Talking with Alan, I realized that there are few transport protocols
that are supported. And maybe it is the problem. Currently, SGE is using
qrsh to expand mpi process. I can change this protocol and use ssh. So,
I'm going to test it this afternoon and I will comment to you the results.

Regards,
Sergio

Josh Hursey escribió:
>
> On Oct 28, 2009, at 7:41 AM, Sergio Díaz wrote:
>
>> Hello,
>>
>> I have achieved the checkpoint of an easy program without SGE. Now,
>> I'm trying to do the integration openmpi+sge but I have some
>> problems... When I try to do checkpoint of the mpirun PID, I got an
>> error similar to the error gotten when the PID doesn't exit. The
>> example below.
>
> I do not have any experience with the SGE environment, so I suspect
> that there may something 'special' about the environment that is
> tripping up the ompi-checkpoint tool.
>
> First of all, what version of Open MPI are you using?
>
> Somethings to check:
> - Does 'ompi-ps' work when your application is running?

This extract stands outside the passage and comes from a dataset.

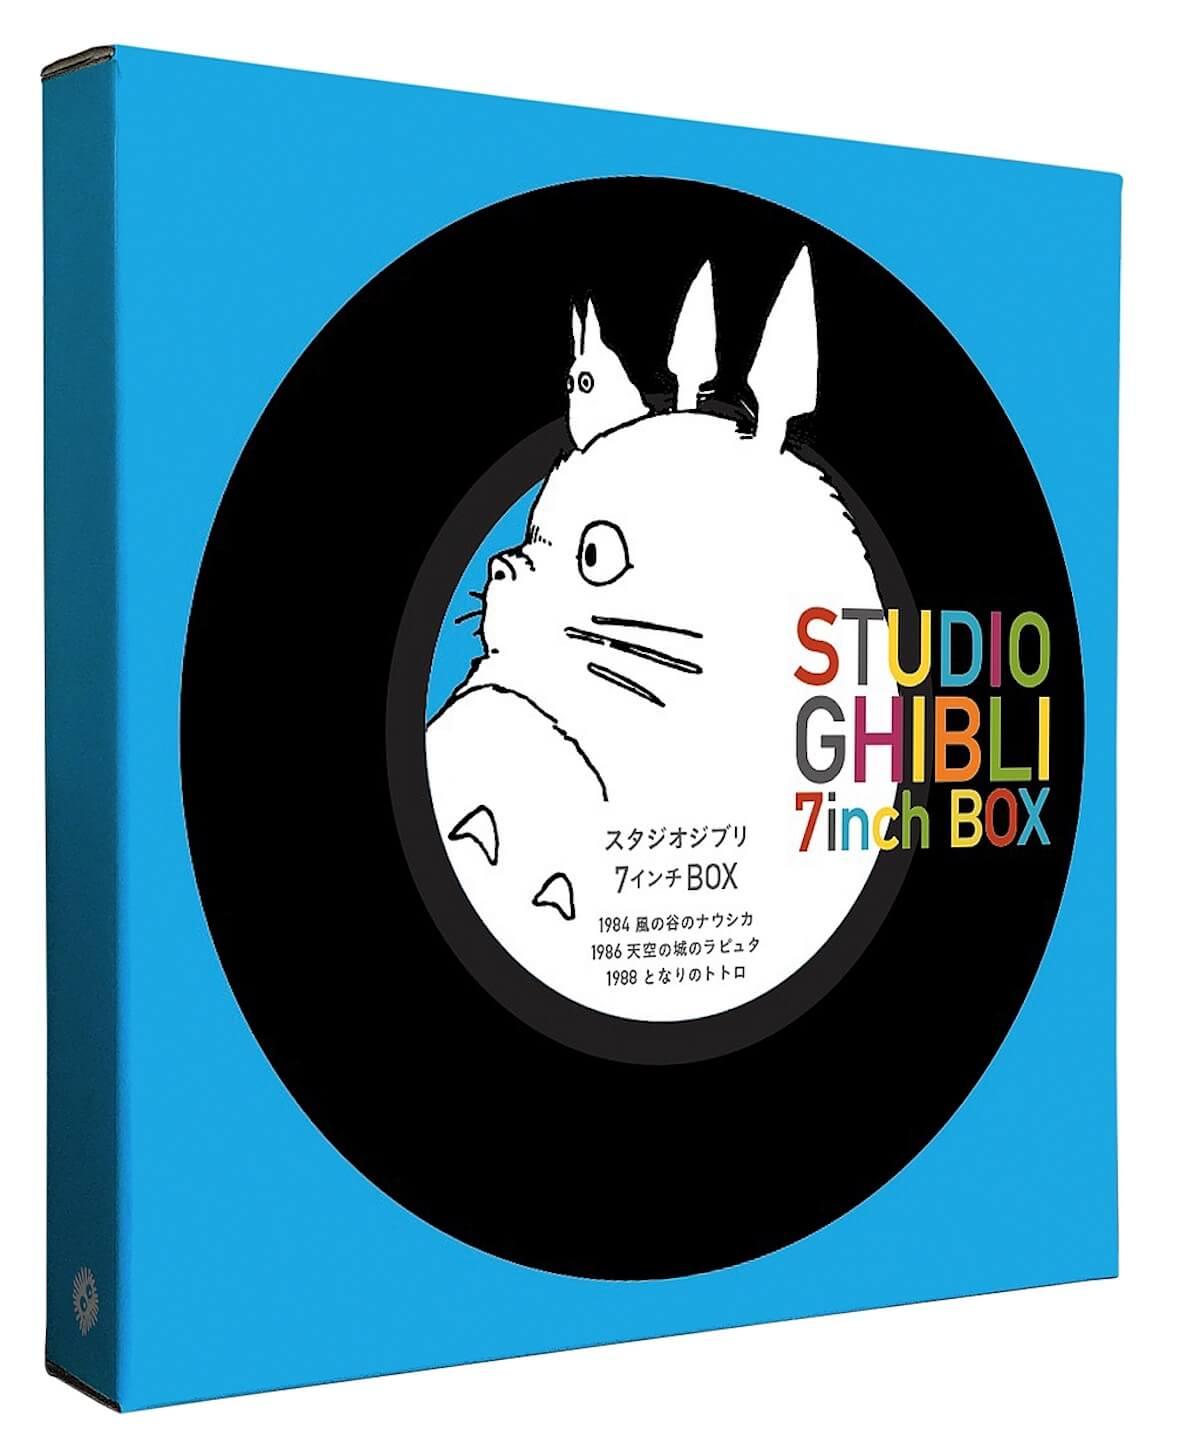 「天空の城ラピュタ」「となりのトトロ」など、スタジオジブリの主題歌が7インチレコードで完全復刻 music190528-ghibli-1-1
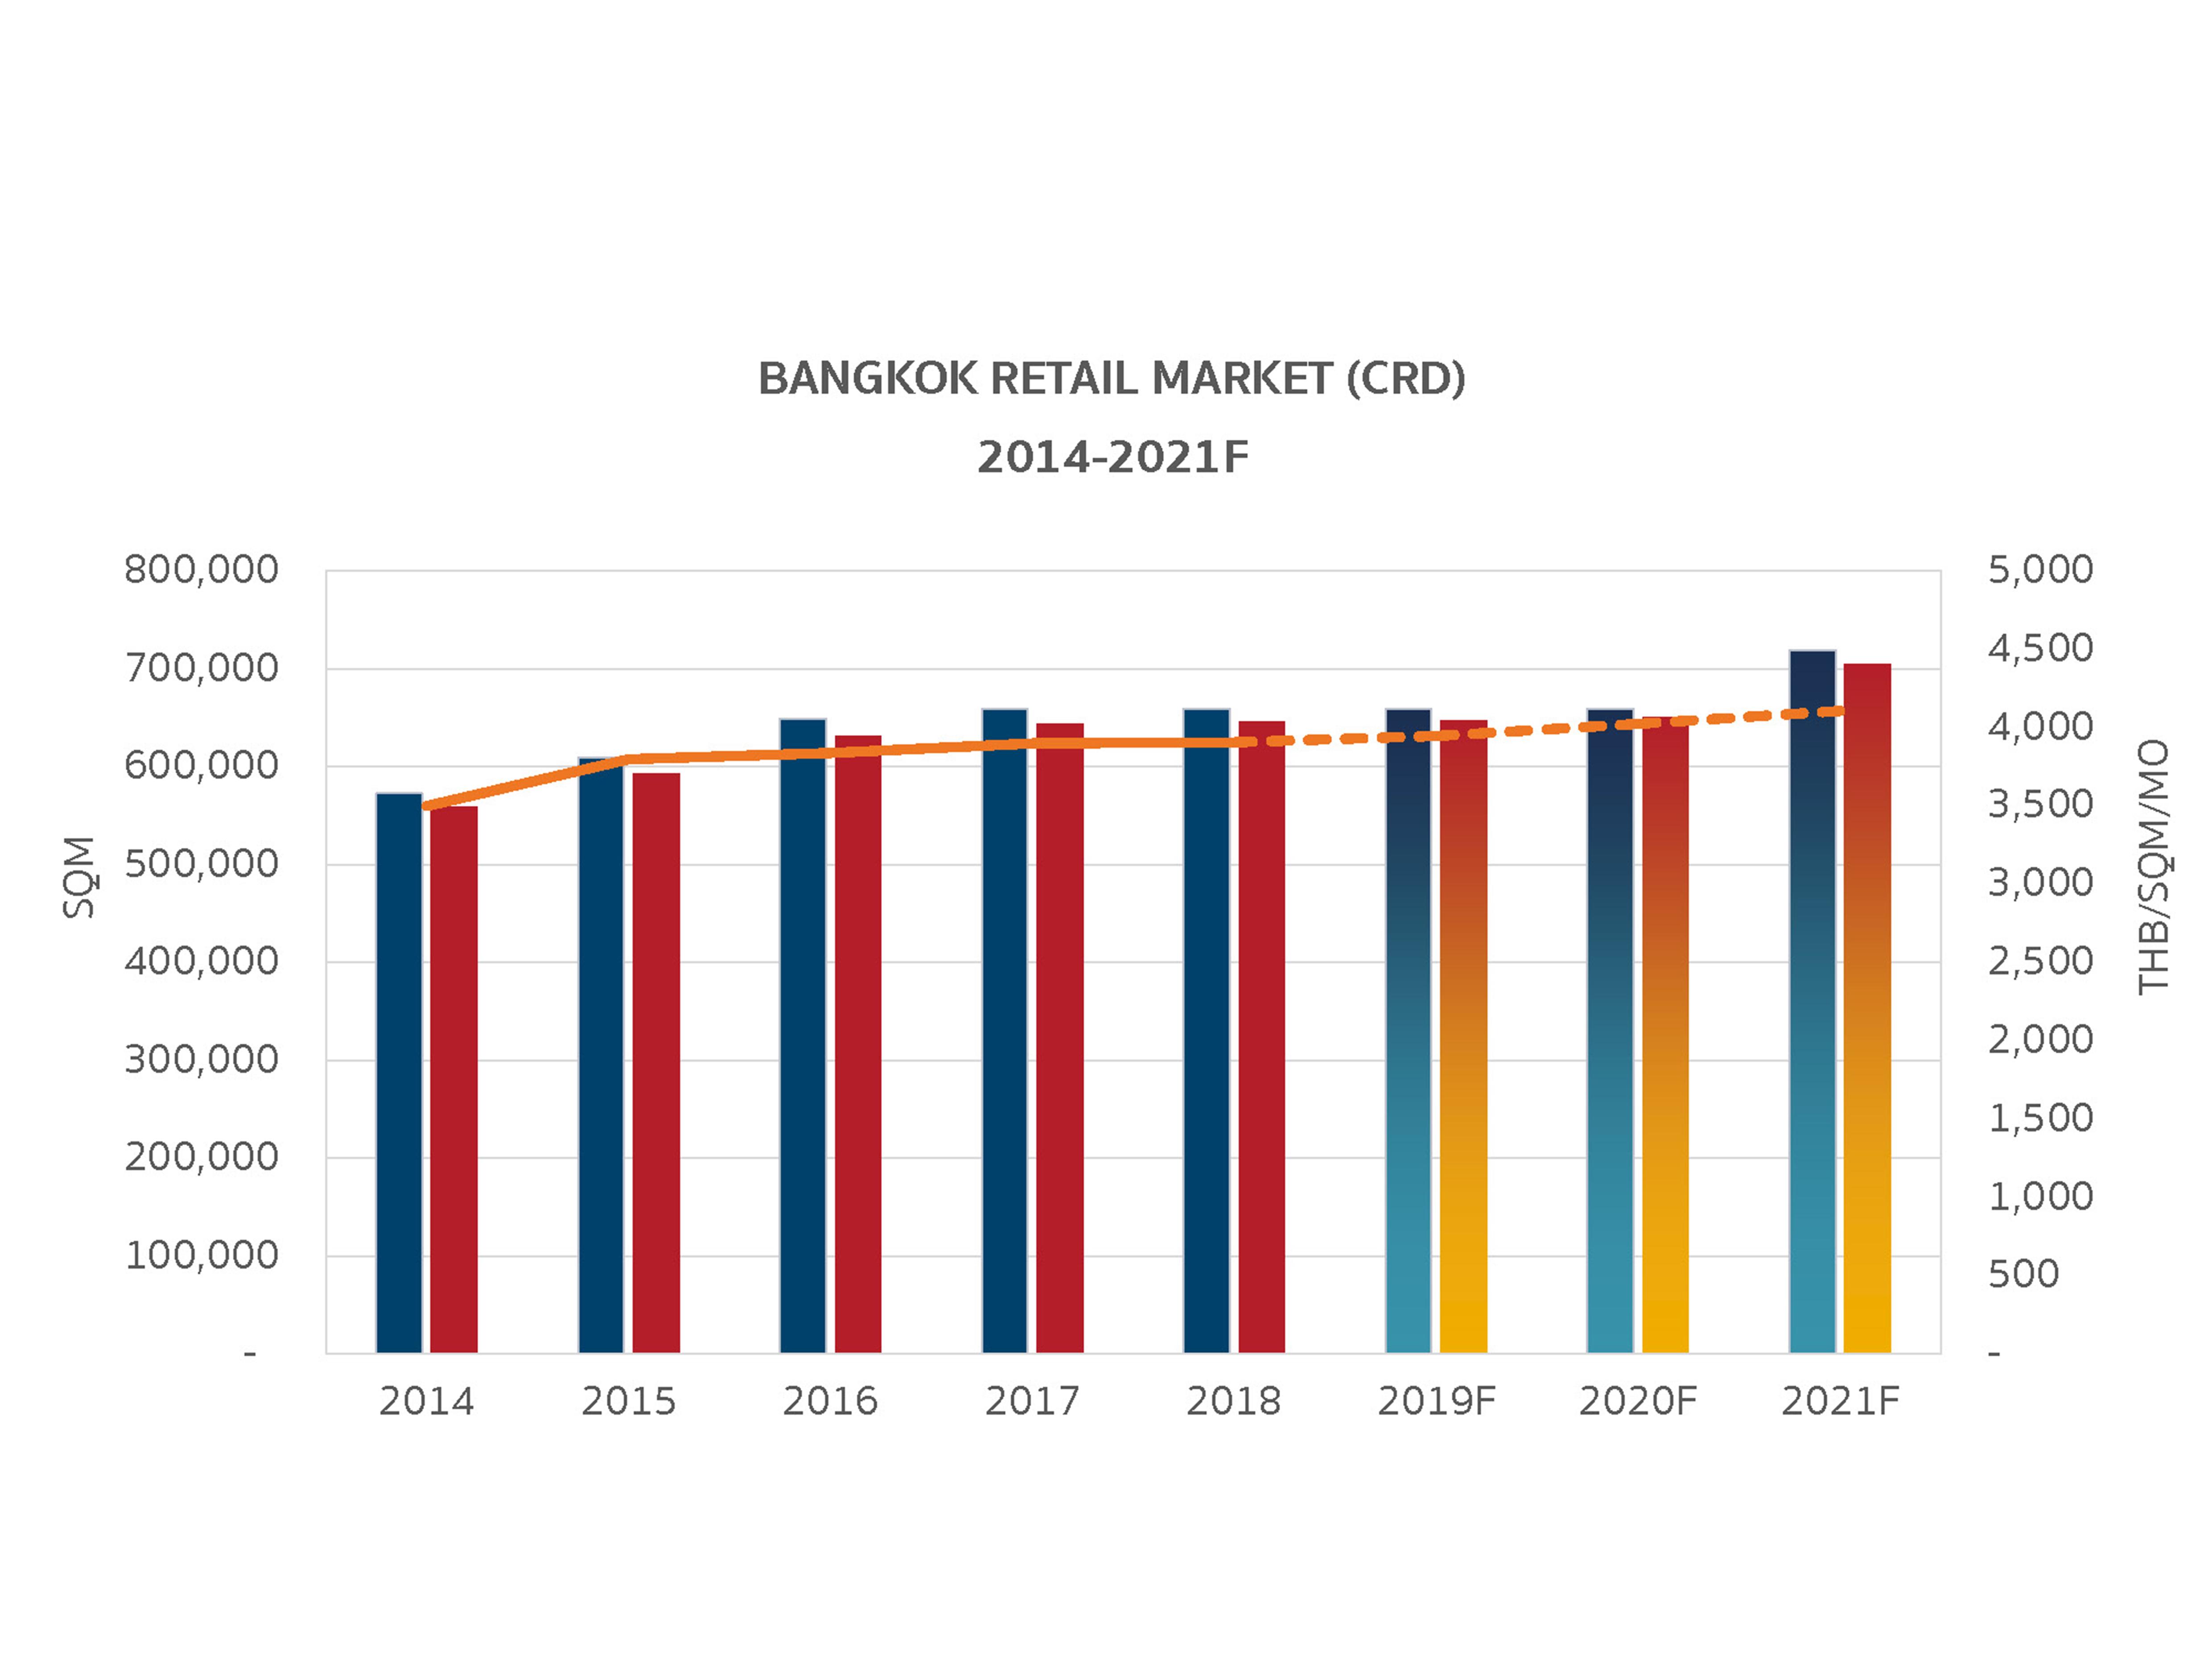 003. Bangkok Retail Market (CRD)

> - Is there an /tmp/openmpi-sessions-* directory on the node where
> mpirun is currently running? This directory contains information on
> how to connect to the mpirun process from an external tool, if it's
> missing then this could be the cause of the problem.
>
>>
>> Any ideas?
>> Somebody have a script to do it automatic with SGE?. For example I
>> have one to do checkpoint each X seconds with BLCR and non-mpi jobs.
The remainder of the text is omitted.